The run time needed to recover parameters is approximately 7 minutes on a 2020 Macbook Pro. This is about a 10x slowdown when compared to the simple DDM recovery. This increase in run time is due to inclusion of across-trial variability in the drift rate. As discussed in Section “Across-trial variability,” including across-trial variability in the drift rate involves an integration over many likelihood functions which covers the distribution of drift rates. We find that \(N_{\mu } = 10\) integration points is sufficient for parameter recovery, meaning that we need to solve for 10 likelihood functions, leading to our 10x slowdown.

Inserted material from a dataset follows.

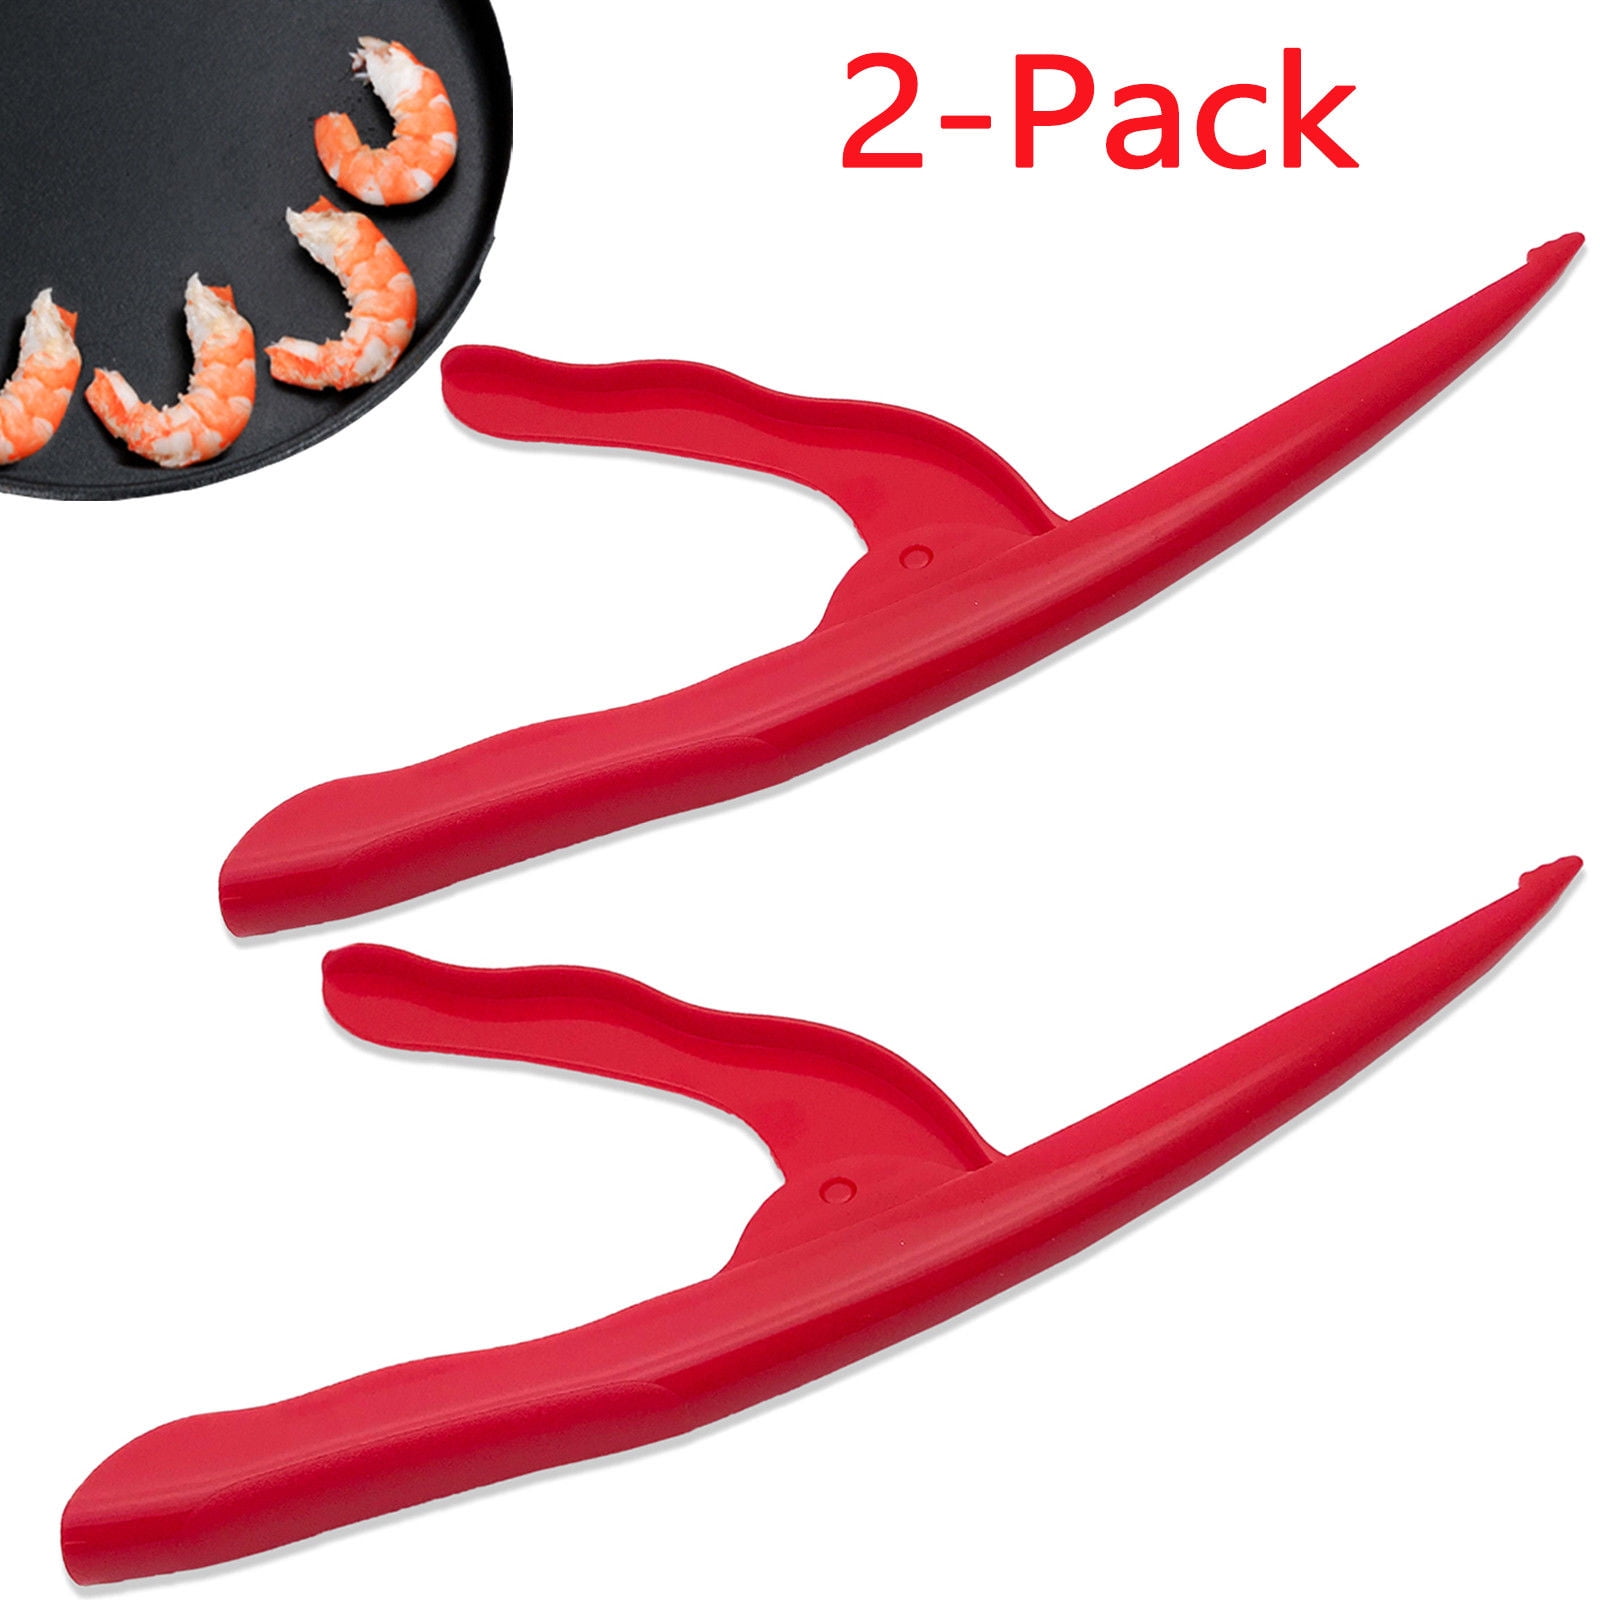 2-Pack Portable Prawn Peeler Shrimp Deveiner Peel Devices Kitchens Tools New

Across-trial variability in the start point contributes nothing to the run time, while the non-decision variability causes only a tiny increase in run time.

Leaky integration

The third model we recover parameters from is the leakage model discussed in Section “Pre-coded models.” Recovering the leakage parameter from a single condition EAM can be challenging, so we instead simulate a slightly more complicated data set with two conditions: low decision threshold \(b_{1}\) (condition 1) and high decision threshold \(b_{2}\) (condition 2). This mimics a speed/accuracy trade-off scenario. The remaining parameters are shared between the two conditions and only the threshold parameter b differs between the two simulated conditions.

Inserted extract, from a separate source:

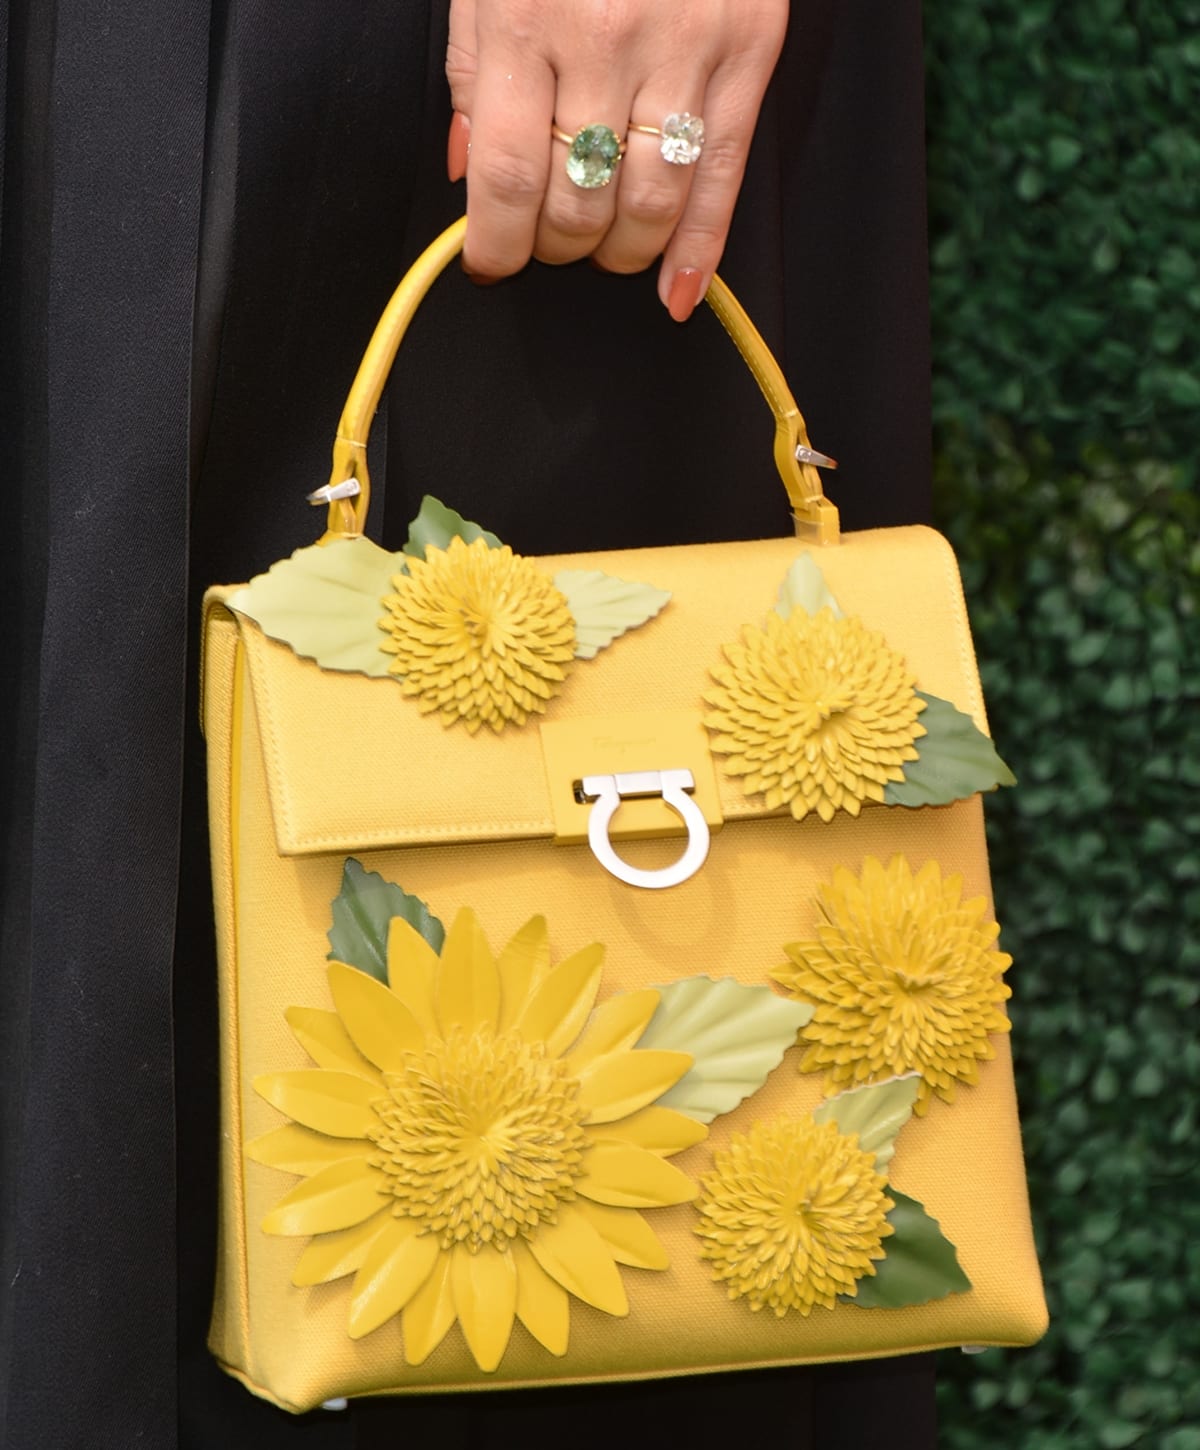 Sophia Bush shows off her Salvatore Ferragamo Sunflower bag and engagement ring

To validate PyBEAM’s parameter recovery for the leakage EAM, we follow the process outlined at the beginning of the results section. We simulate 500 data points for each condition (1000 total data points). Then, we use PyBEAM to find the model parameters which best describe this data. We report the results of parameter recovery in Fig. 5.

Fig. 5
figure 5

Results from the leaky integration example. A) Likelihood validation (A1) and posterior predictive (A2) for condition 1, low caution. In A1, we plot the PyBEAM solution in red and the analytic solution in blue. In A2, the PyBEAM data fit is in red while the simulated data is grey. B) Likelihood validation (B1) and posterior predictive (B2) for condition 2, high caution. Colors have same meaning as in A. C) Posteriors for both conditions. Vertical blue lines indicate the true parameter values, while the grey bars are the PyBEAM posteriors. The non-decision time (C1), relative start (C2), drift (C3), and leakage (C4) posteriors are shared between conditions with true values of \(t_{nd}=0.25\), \(w=0.5\), \(\mu = 1\), and \(l = 3\), respectively. The threshold locations for the low caution \(b_{1}\) and high caution \(b_{2}\) conditions are displayed in C5 and C6, with true values of \(b_{1} = 0.5\) and \(b_{2}\) = 0.75, respectively

In panel groups A and B of Fig. 5, we report the likelihood validation and posterior predictive plots for condition 1 (low b) and condition 2 (high b), respectively. As with the previous example, likelihood validation compares the PyBEAM likelihood to the analytic (Buonocore, Giorno, Nobile, & Ricciardi, 1990; Smith, 2000) for the known generating parameters while the posterior predictive panels compare the data to the RT distributions resulting from the PyBEAM model fits. Results demonstrate that once again, PyBEAM produces highly accurate likelihood functions and fits the generating data well.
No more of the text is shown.